2608 Seneca

Discovery
- Discovered by: H.-E. Schuster
- Discovery site: La Silla Obs.
- Discovery date: 17 February 1978

Designations
- Pronunciation: /ˈsɛnɪkə/ SEN-ik-ə
- Named after: Seneca the Younger (Roman philosopher)
- Alternative designations: 1978 DA
- Minor planet category: NEO · Amor

Orbital characteristics
- Epoch 4 September 2017 (JD 2458000.5)
- Uncertainty parameter 1
- Observation arc: 38.92 yr (14,217 days)
- Aphelion: 3.9532 AU
- Perihelion: 1.0777 AU
- Semi-major axis: 2.5154 AU
- Eccentricity: 0.5716
- Orbital period (sidereal): 3.99 yr (1,457 days)
- Mean anomaly: 353.12°
- Mean motion: 0° 14^{m} 49.56^{s} / day
- Inclination: 14.682°
- Longitude of ascending node: 167.37°
- Argument of perihelion: 37.350°
- Earth MOID: 0.1321 AU · 51.5 LD

Physical characteristics
- Dimensions: 0.9 km 1.0±0.3
- Synodic rotation period: 8 h
- Geometric albedo: 0.15±0.03 0.20 (derived) 0.21
- Spectral type: Tholen = S · S B–V = 0.826 U–B = 0.454
- Absolute magnitude (H): 17.52 · 17.59 · 17.73

= 2608 Seneca =

Stony asteroid and sub-kilometer near-Earth object

2608 Seneca, provisional designation , is a stony asteroid and sub-kilometer near-Earth object of the Amor group, approximately 0.9 kilometers in diameter. It was discovered on 17 February 1978, by German astronomer Hans-Emil Schuster at ESO's La Silla Observatory in northern Chile, and named after Roman philosopher Seneca.

== Orbit ==

Seneca orbits the Sun at a distance of 1.1–4.0 AU once every 3 years and 12 months (1,457 days). Its orbit has an eccentricity of 0.57 and an inclination of 15° with respect to the ecliptic.

The body's observation arc begins with its official discovery observation in 1978, as no precoveries were taken, and no prior identifications were made.

=== Close approaches ===

Seneca has an Earth minimum orbital intersection distance of 0.1321 AU, which corresponds to 51.5 lunar distances.

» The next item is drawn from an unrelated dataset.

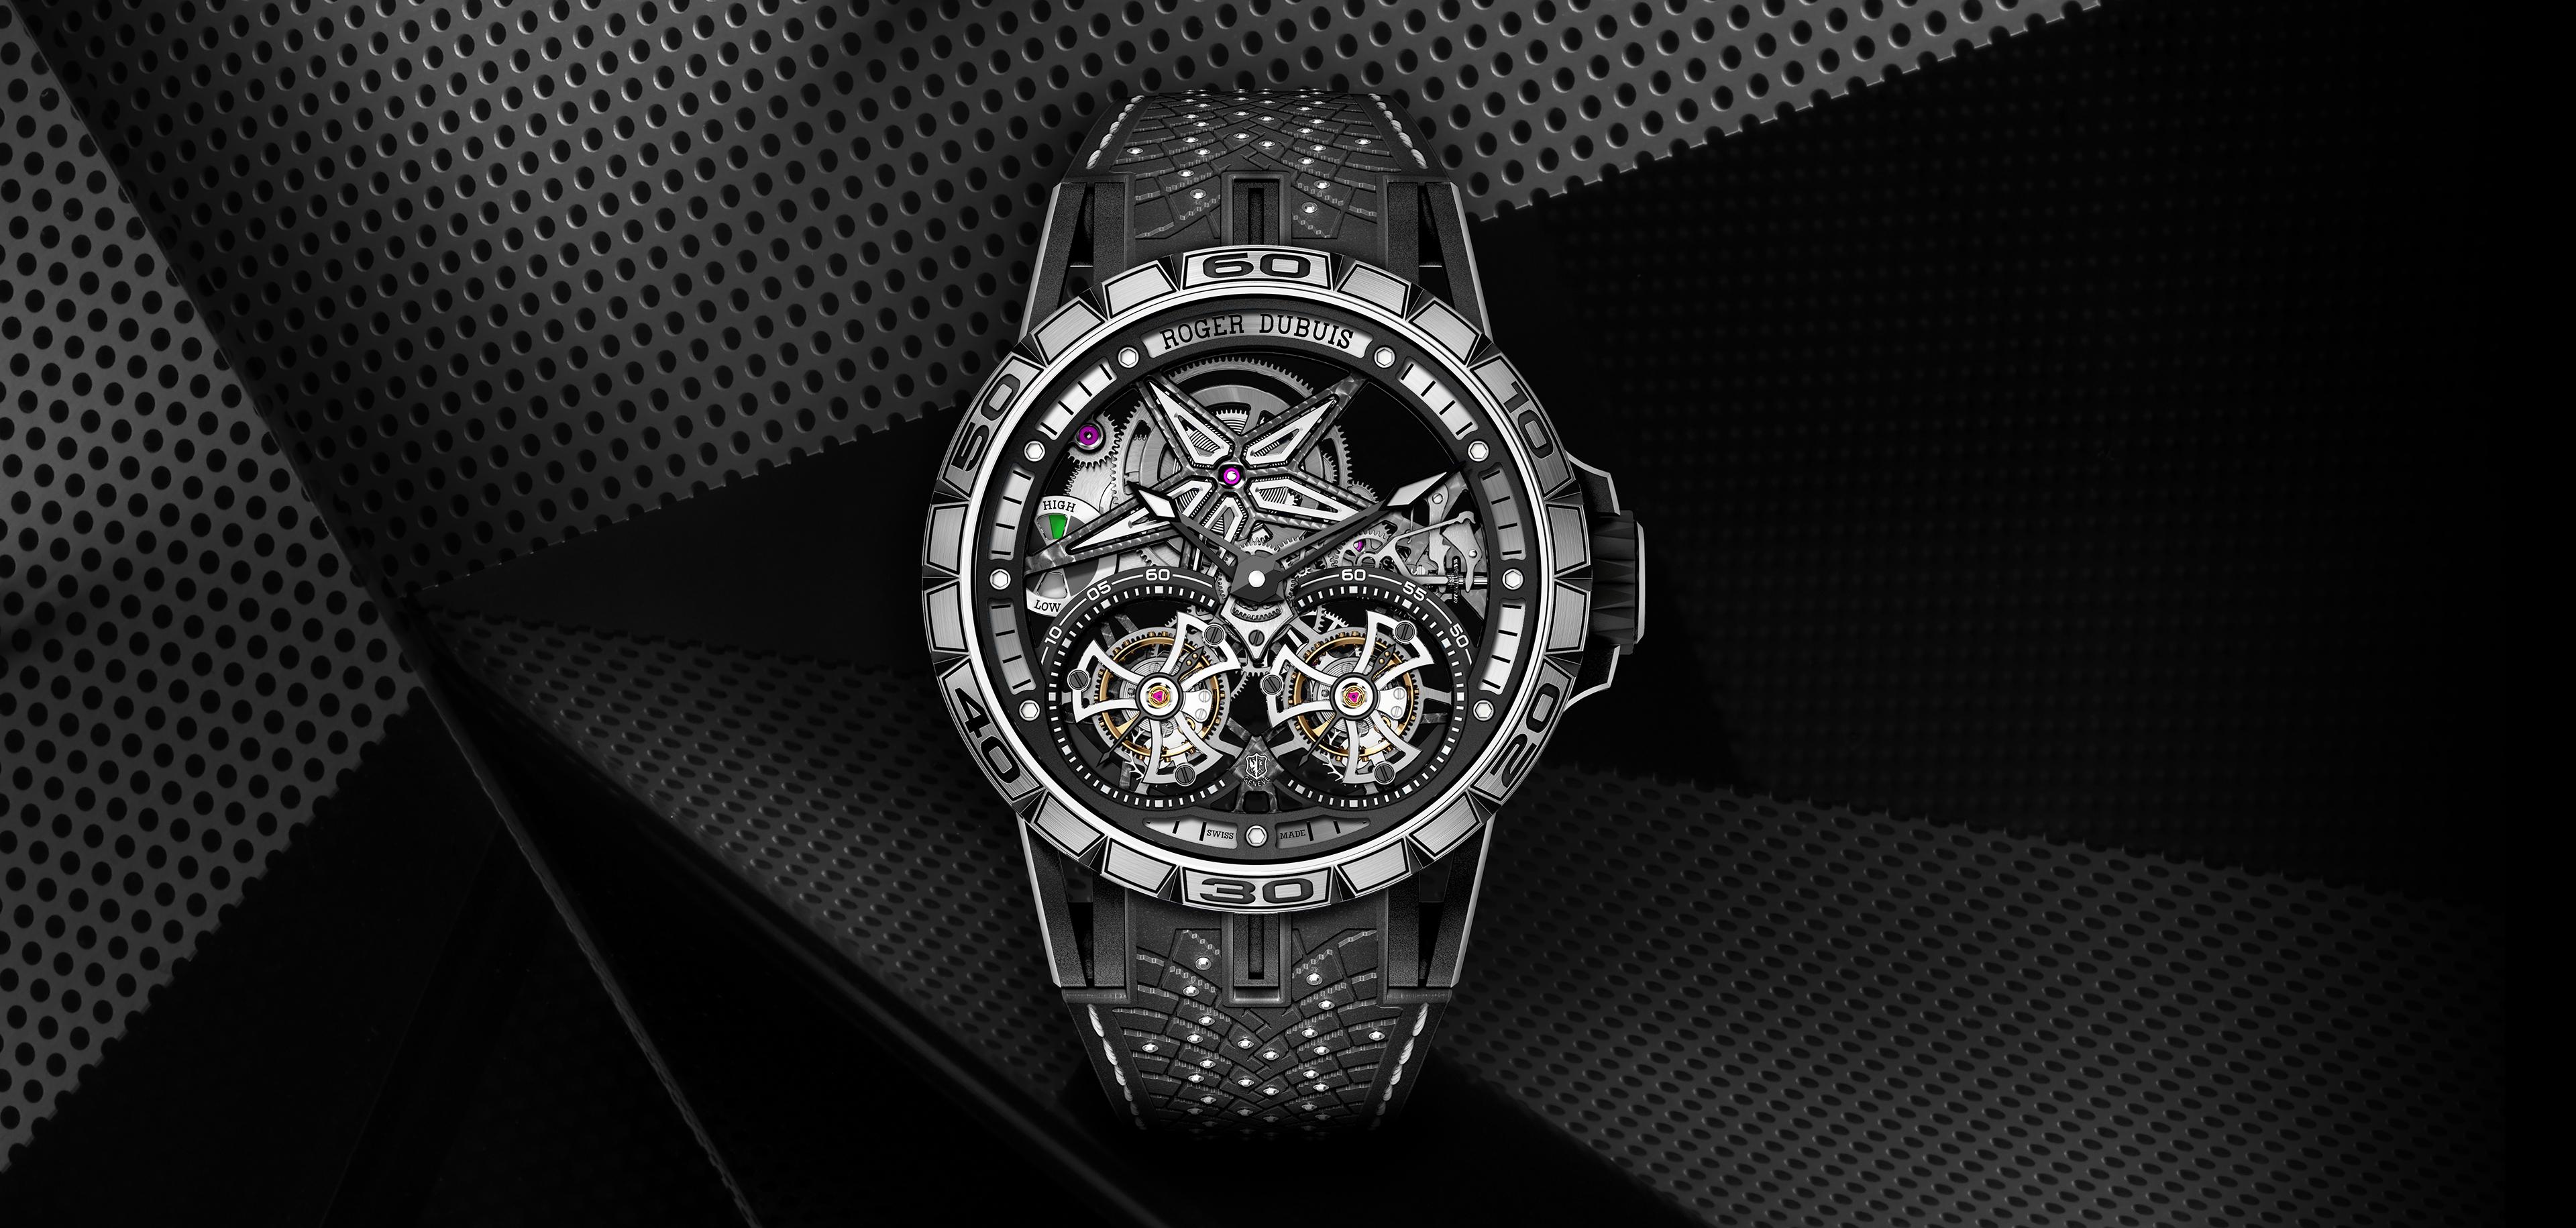 4760f8fd4 ... جيدة ليحقق قبضة مستمرّة وراحة عالية، وتعدّ الساعة تحفةً فنيةً متميزة  للغاية بها توربيون، ومدعومةً من العيار Poinçon de Geneve بشهادة Calibre  RD105SQ.
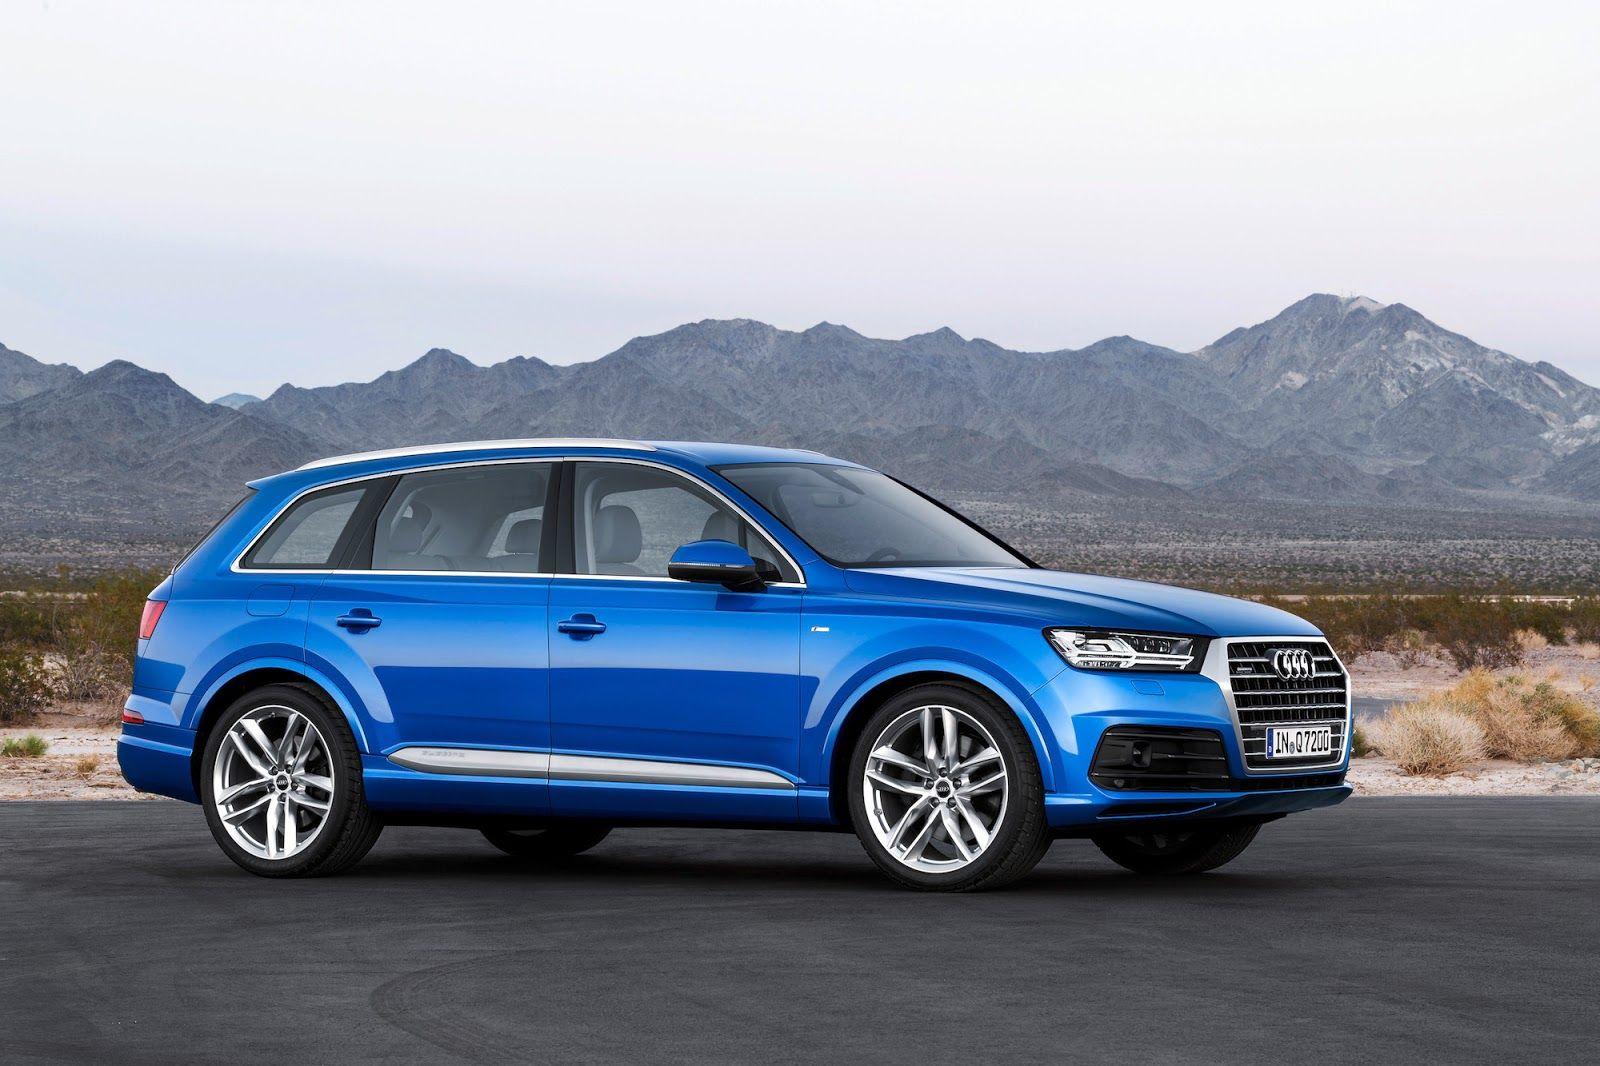 New Second Generation Audi Q7 | Audi | Audi cars, Audi q7

On 22 March 2062, it will pass 0.254 AU from the Earth.

== Physical characteristics ==

In the Tholen taxonomy, Seneca is a stony S-type asteroid.

=== Photometry ===

In March 1978, a photometric observations taken by Degewij and Lebofsky at the Lunar and Planetary Laboratory, Arizona, using a 154-cm reflector, gave a rotational lightcurve with a rotation period of 8 hours and a brightness amplitude of 0.4 (0.5) magnitude (U=2).

=== Radiometry ===

In addition, radiometric observations by L. and M. Lebofsky with the 71-cm reflector gave a mean-diameter of 1.0±0.3 kilometers and albedo of 0.15±0.03.

=== Diameter and albedo ===

The Minor Planet Center classifies Seneca as an object larger than 1 kilometer ("1+ KM Near-Earth Object"), while Collaborative Asteroid Lightcurve Link derives an albedo of 0.20 and a diameter of 0.9 kilometers based on an absolute magnitude of 17.59. In 1994, astronomer Tom Gehrels published a diameter of 0.9 kilometers with an albedo of 0.21 in his Hazards Due to Comets and Asteroids.

== Naming ==

This minor planet was named after Roman philosopher and statesman Lucius Annaeus Seneca (c. 4 BC – AD 65), also known as "Seneca the Younger" or simply "Seneca". The approved naming citation was published by the Minor Planet Center on 8 April 1982 (M.P.C. 6835). The lunar crater Seneca was also named in his honor.